Morocco’s National Human Rights Institution established a fact-finding commission on 27 June, the commission released a preliminary report on 13 July. The Spanish Ombudsman released their preliminary findings in October. The Moroccan Association for Human Rights accused the Moroccan authorities of trying to cover up the deaths, noting that six days after the tragedy, no autopsy had been performed and no effort had been made to identify the deceased. The Moroccan courts subsequently sentenced thirteen of the immigrants who failed to reach Spanish territory to two and a half years in prison and a fine of 10,000 dirhams.
Subsequently, El País carried out an investigation, analyzing the videos and with various interviews, in which it was stated that the death of at least one immigrant had occurred on the Spanish side. It also confirmed that they received tear gas and beatings by the police of both countries. Also, according to relatives, they counted 70 missing.

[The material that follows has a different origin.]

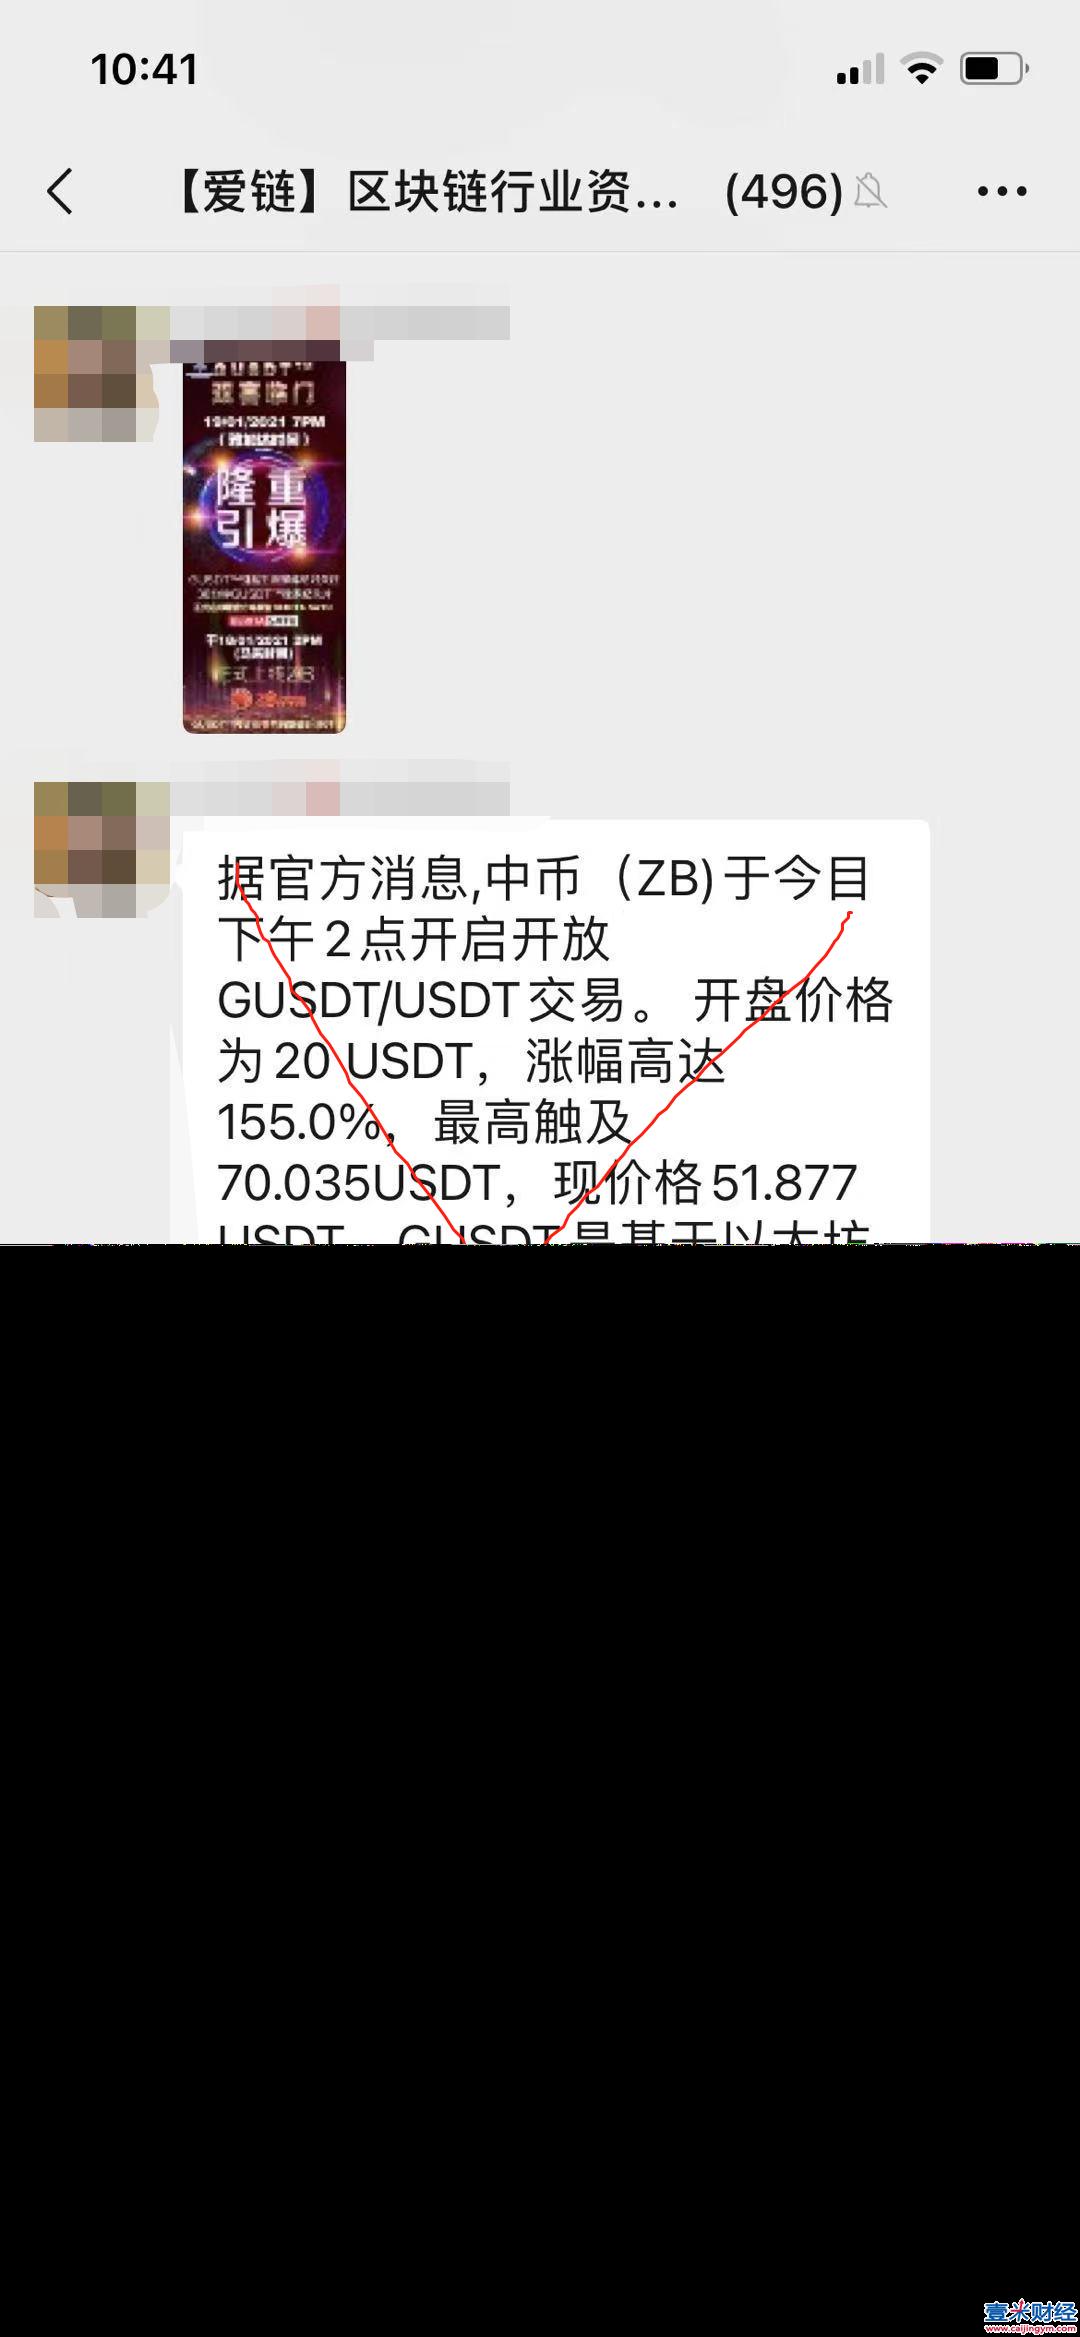 %title图%num

On December 23, 2022, the Spanish Prosecutor's Office decided to close the investigation into the deaths of emigrants in June at the Melilla border, exonerating the Ministry of the Interior, the Civil Guard and the agents who were on the border that day from any responsibility. land. According to elDiario.es, "the decree of the Public Ministry does not specify whether any of the deaths took place in Spanish territory, it states that" the events that led to the avalanche occurred in Moroccan territory" and that "the crowding of people occurred between both sites border”. The Prosecutor's Office understands that the actions of the guards were proportionate and informs the Civil Guard that several agents threw stones at the migrants, in case there was any type of disciplinary infraction.